Antoine s’était tu. Il examinait son frère. Comme il avait encore maigri, pâli, depuis quinze jours ! Ses cheveux roux, tondus de près, accusaient le volume anormal du crâne, et rendaient plus visible le décollement des oreilles, la fragilité de la nuque. Antoine remarqua la peau transparente des tempes, la flétrissure du teint, le cerne des yeux.

– « T’es-tu corrigé ? » lança-t-il à brûle-pourpoint.

– « De quoi ? » murmura Jacques. La limpidité de son regard se troubla.
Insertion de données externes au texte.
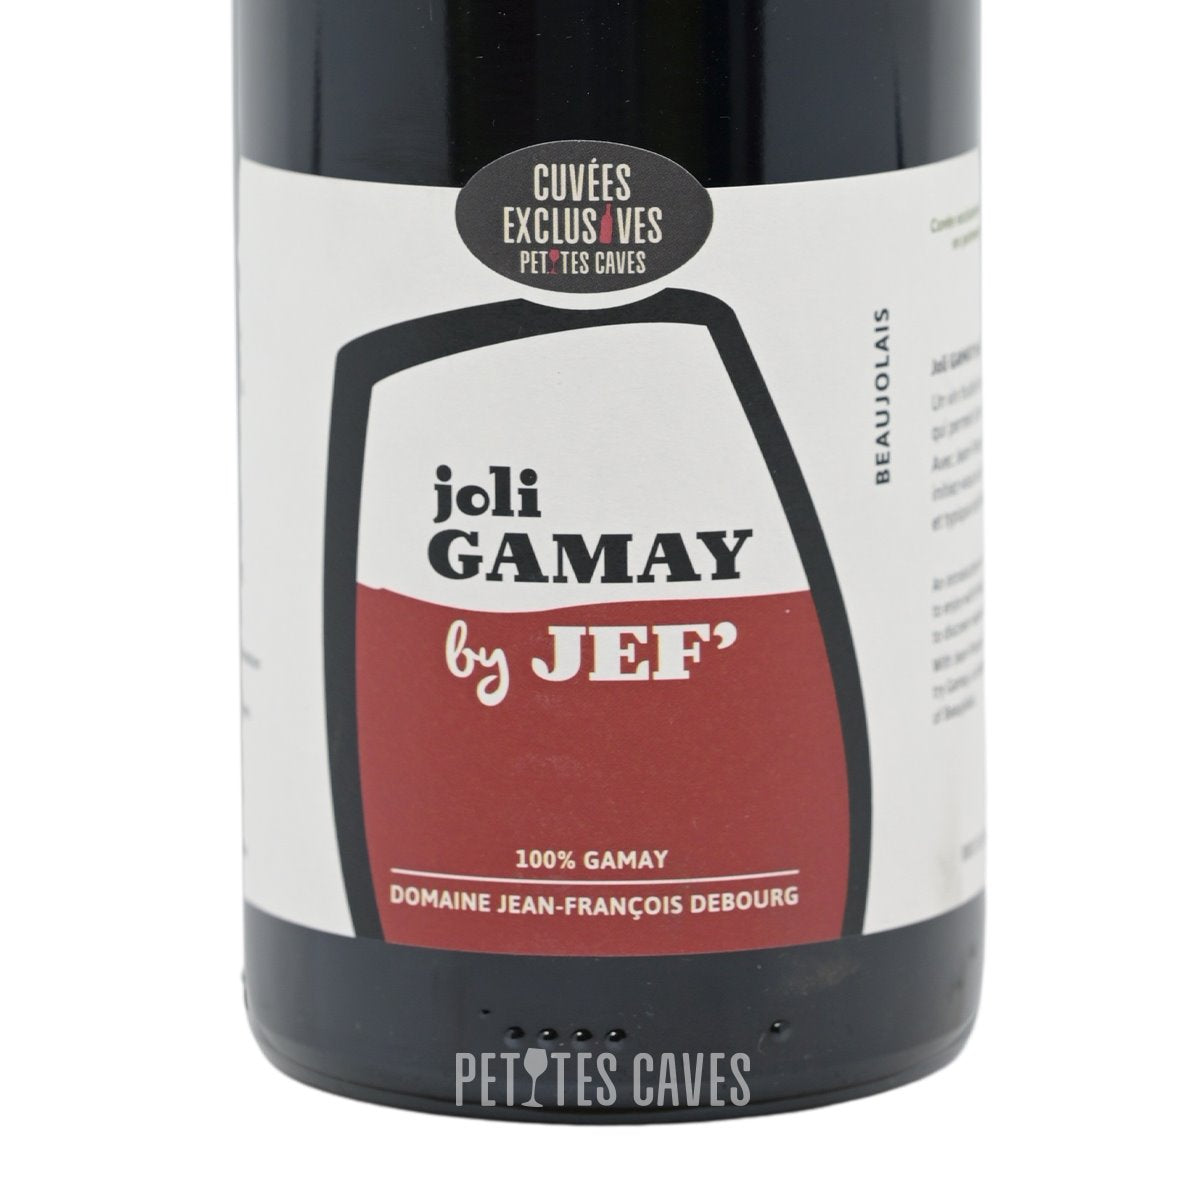 Joli Gamay by Jef 2020 - Beaujolais - Jean-François DEBOURG, an exclusive wine with and for Petites Caves ! ZOOM
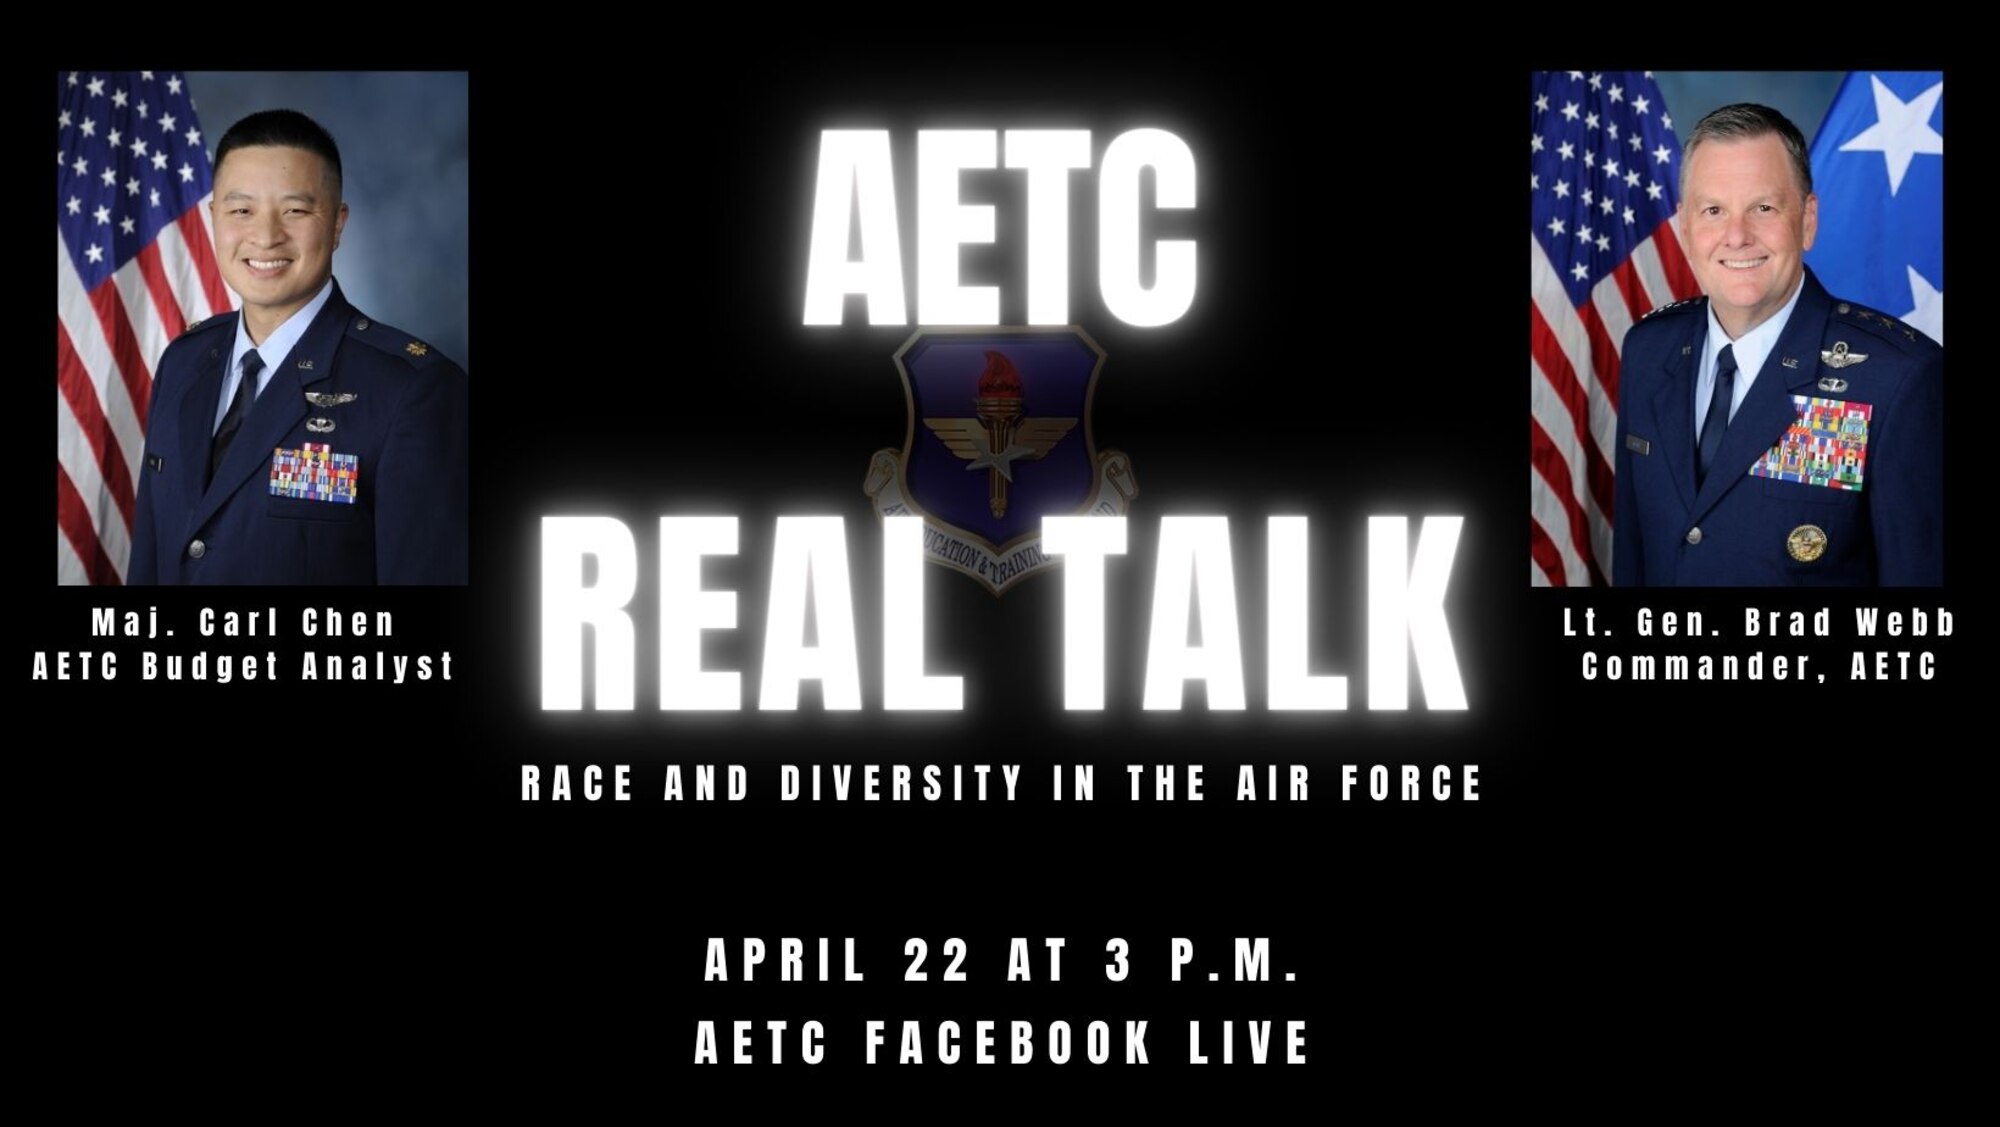 Graphic publicizing next AETC Real Talk April 22 at 3 p.m. on AETC’s Facebook page.

Il rougit, mais garda une expression étonnée, qui était feinte.

Antoine ne répondit rien.

L’heure avançait. Il consulta sa montre et se leva ; il avait sa contre-visite à passer, vers cinq heures. Il hésitait à prévenir son frère qu’il allait le laisser seul jusqu’au dîner ; mais, contrairement à son attente, Jacques parut presque content de le voir partir.

En effet, resté seul, il se sentit comme allégé. Il eut l’idée de faire le tour de l’appartement. Mais dans l’antichambre, devant les portes closes, il fut pris d’une angoisse inexplicable, revint chez lui et s’enferma. Il avait à peine regardé sa chambre. Il aperçut enfin le bouquet de violettes, la banderole. Tous les détails de la journée s’enchevêtraient dans sa mémoire, l’accueil du père, la conversation d’Antoine. Il s’allongea sur le canapé, et recommença à pleurer ; sans aucun désespoir : non, il pleurait d’épuisement surtout, et aussi, à cause de la chambre, des violettes, de cette main que son père avait posée sur sa tête, des attentions d’Antoine, de cette vie nouvelle et inconnue ; il pleurait parce qu’on semblait de toutes parts vouloir l’aimer ; parce qu’on allait maintenant s’occuper de lui, et lui parler, et lui sourire ; parce qu’il faudrait répondre à tous, parce que c’en était fini pour lui d’être tranquille.